Днем Пелагея все помаленьку топталась по избе. Да днем и лежать повеселее. Днем за окошком жизнь. То кто-нибудь проедет на лошади или на тракторе, то соседка пробренчит ведрами, направляясь за водой к колодцу, то, на худой конец, ворона прокаркает – тоже жизнь.
А ночью как в могиле. Ночью караул кричи – не докричишься. Только разве Афонька пьяный фарами поиграет на никелированных самоварах, что стоят на комоде.
Афонька, когда переберет, места себе не может найти.
Всю ночь, как нечистая сила, разъезжает на мотоцикле.
Из улицы в улицу, из заулка в заулок. И, ох же, как выходила из себя Пелагея, когда Афонькины громы середи ночи раскатывались под ихними окошками! Все, какие ни есть на свете, кары призывала на Афонькину голову.
А теперь, в эти длинные осенние ночи, только и радости у нее было, когда на улице появлялся пьяный мотоциклист…
В Октябрьскую Пелагея чувствовала себя не лучше, не хуже, чем накануне. Но встала она в этот день задолго до рассвета. Затопила печь, напекла шанежек, ватрушек, пирожков с мясом и изюмом, закатала рыбник, затем подмыла пол, переменила скатерть на столе, принарядилась сама.
Больше всех праздников любила она Октябрьскую.
Целый день, бывало, с раннего утра звенит радость в ихнем доме. Сперва сборы на демонстрацию Павла да Альки, примерка обнов – это уж обязательно: к каждому празднику обнова! – потом, часов с одиннадцати, когда демонстрация появлялась в ихнем околотке, зайцы-сугревники (так Пелагея про себя называла начальство, которое забегало к ней пропустить рюмочку для тепла): Петр Иванович, председатель сельсовета, колхозный председатель… Да каждый тайком, с оглядом, чтобы разговоров лишних не было. А в избу-то забежали – тоже с потехой.
Кто дьячком, кто козой проблеет от порога: «Не согреют ли в этом доме плоть мою промерзшую?»
Весь день просидела Пелагея у окошка, взглядываясь сбоку, из-за занавески, в деревенскую улицу.
Демонстрации в этом году опять не было. Три года назад умерла школьница от гриппа (будто бы ноги во время демонстрации промочила), и с той поры перестали ходить с красными флагами по деревне.

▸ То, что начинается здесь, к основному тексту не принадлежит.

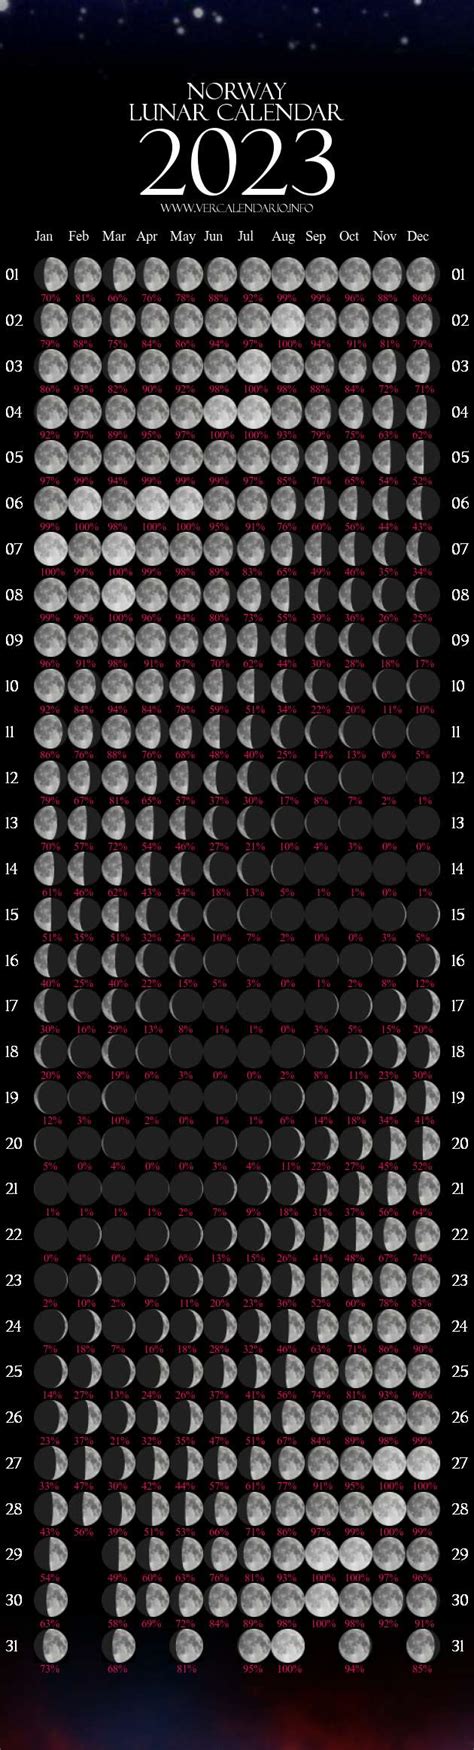 Lunar Calendar 2023 (Norway)

Поглядела-поглядела Пелагея на развеселых мужиков да баб – весь день гужом перли то к Анисье, то от Анисьи, – повздыхала, поплакала и в сумерках, не зажигая огня, прилегла на кровать.
И вот не успела сомкнуть глаз – шаги на крыльце, а потом кольцо брякнуло в воротах.

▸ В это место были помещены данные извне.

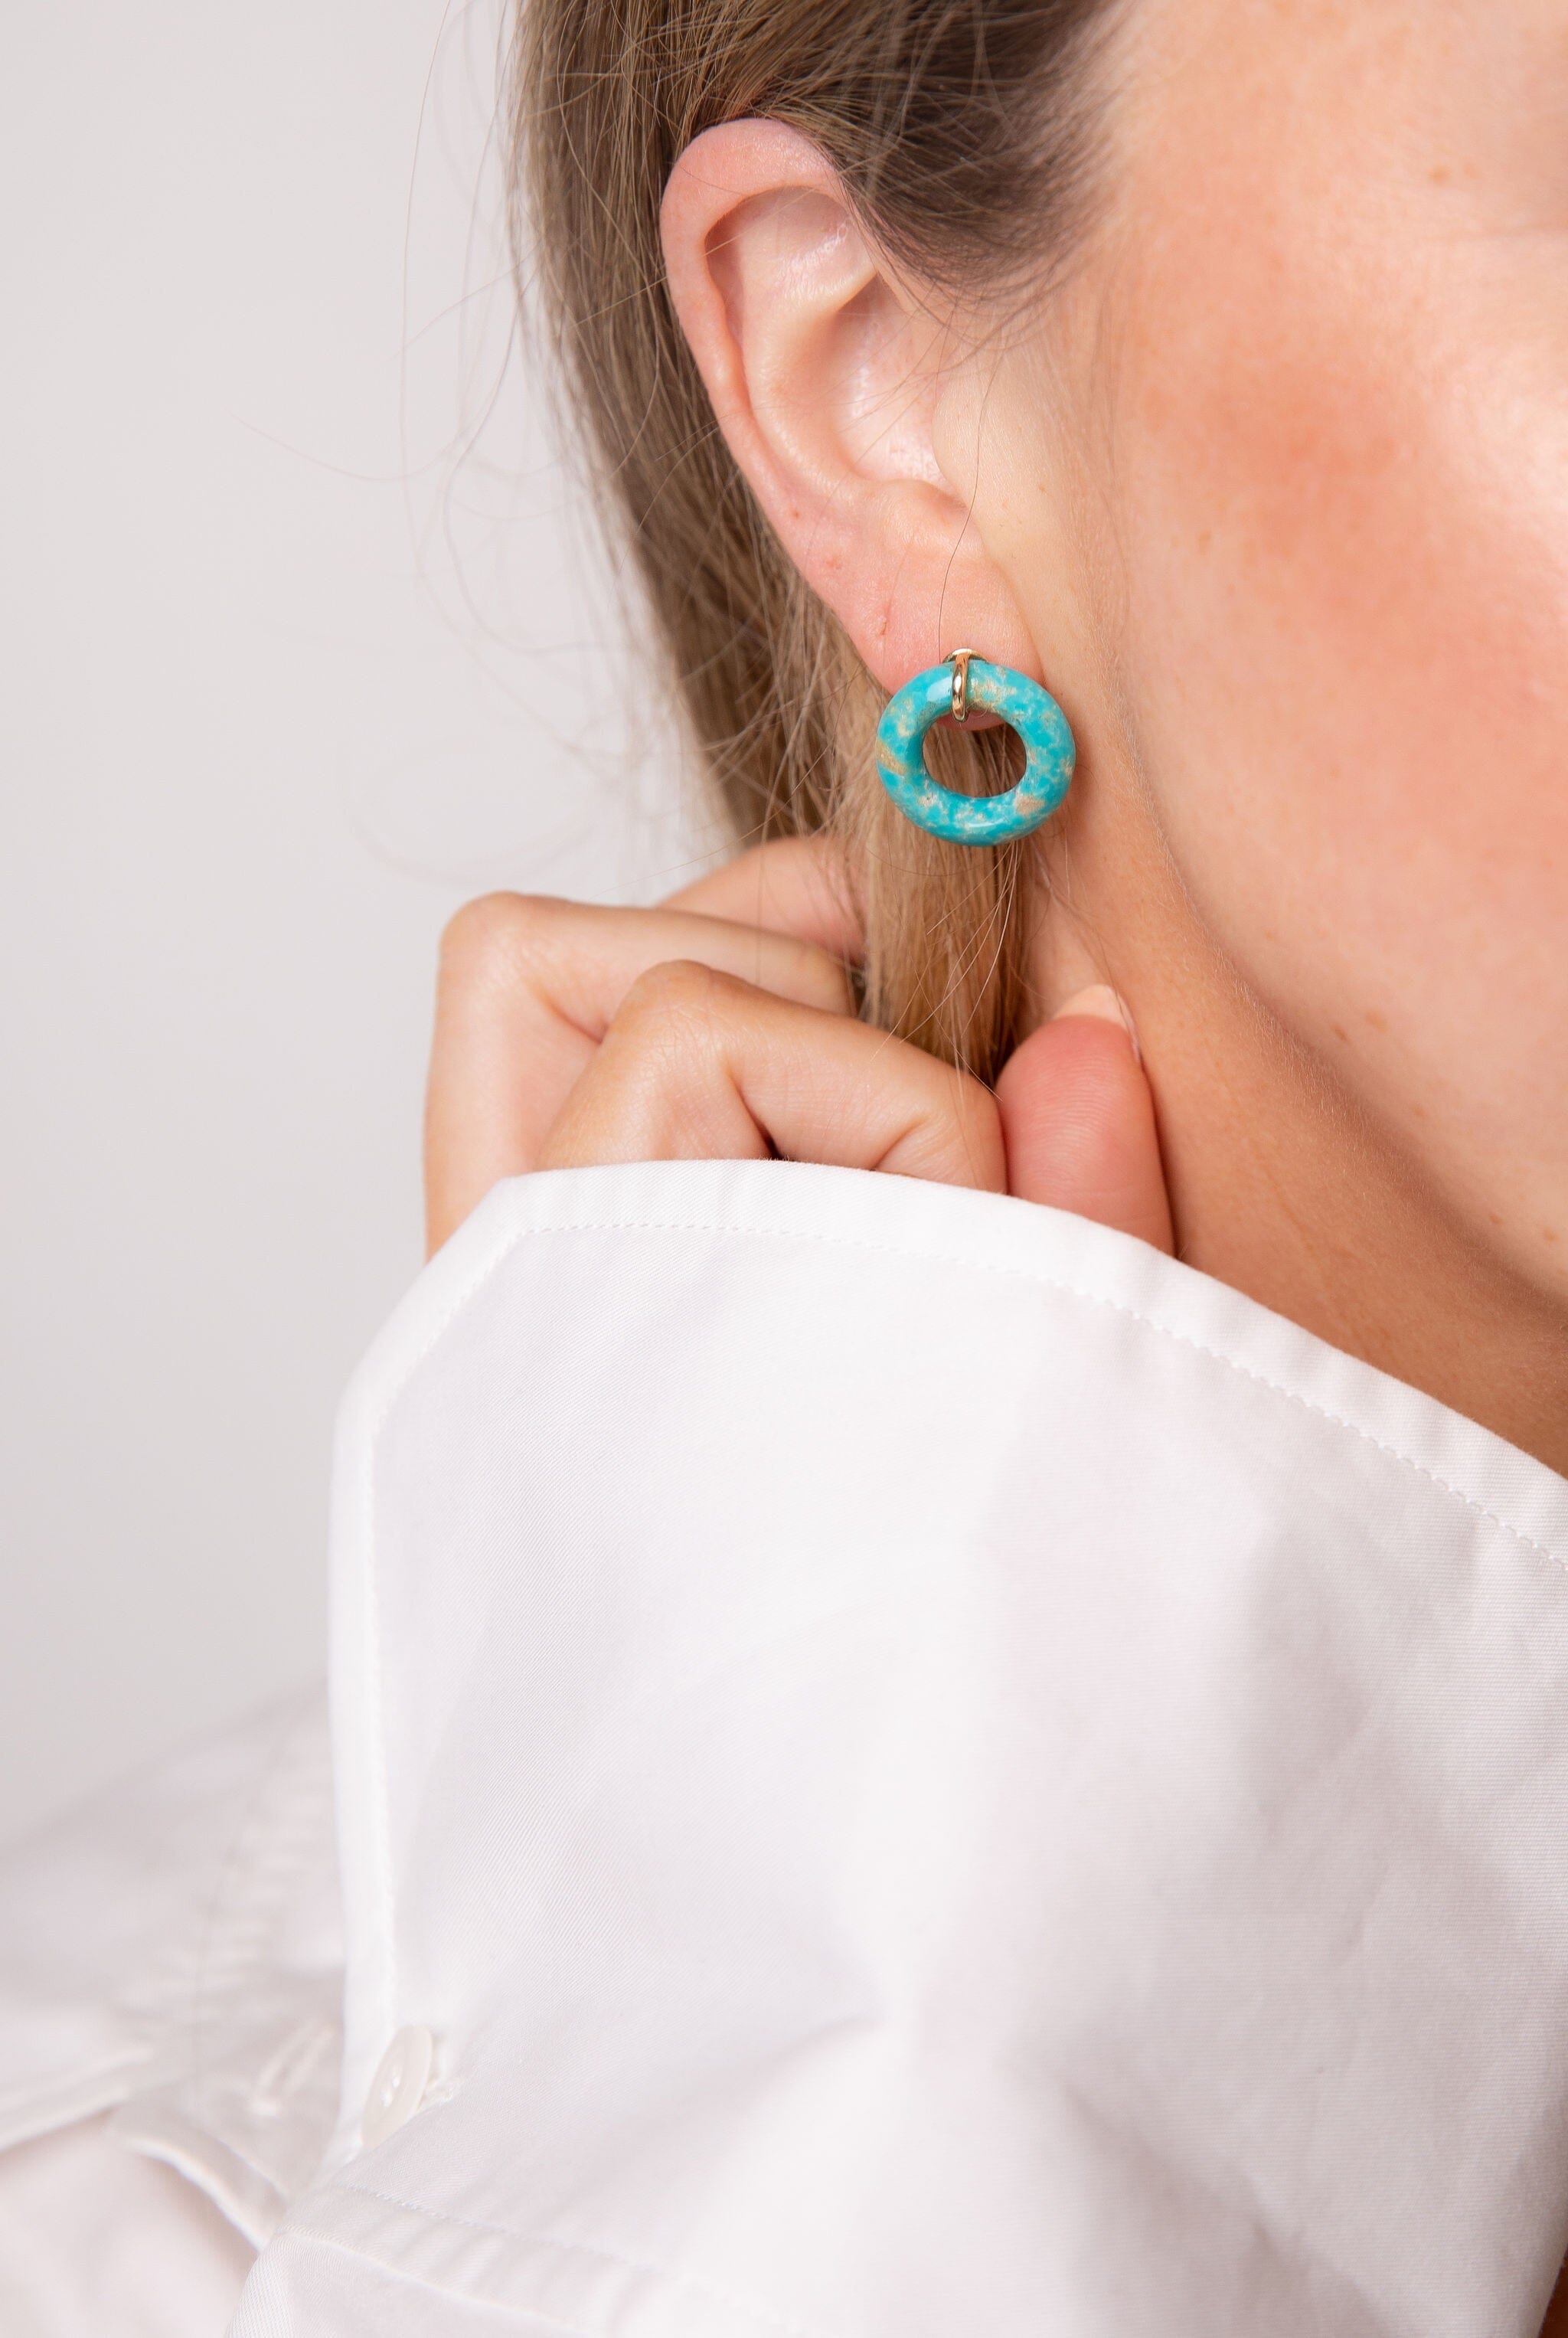 Cotton Candy Munchkin Studs Earrings - BONDEYE JEWELRY ®

Она так и привстала на кровати. Кто вспомнил ее в этот день?
Маня-большая. Ее бесовский глаз запылал в темноте под порогом.
Пелагея и раз, и два хватила открытым ртом воздух, а сказать – и слов нету: до того поражена она была нынешним приходом Мани. Ведь это же надо: нарочно придумывать – не придумать такого оскорбленья!
Наконец она собралась с духом.
– Не ошиблась адресом? – спросила она не своим, а чужим словом, запавшим ей в голову от кого-то из прежней компании. Потом, подумав, что до Мани такое не дойдет, хватила как обухом по голове: – А может, богатством Христовым пришла похвастаться? Обновками? Как сборы-то ноне?
Христово богатство – это платки, полотенца, одежонка некорыстная, отрезы ситцевые, шерсть овечья и даже кое-какая мелочишка из денег – в общем, все то, что верующие по обету вешают и кладут у «моленных» крестов.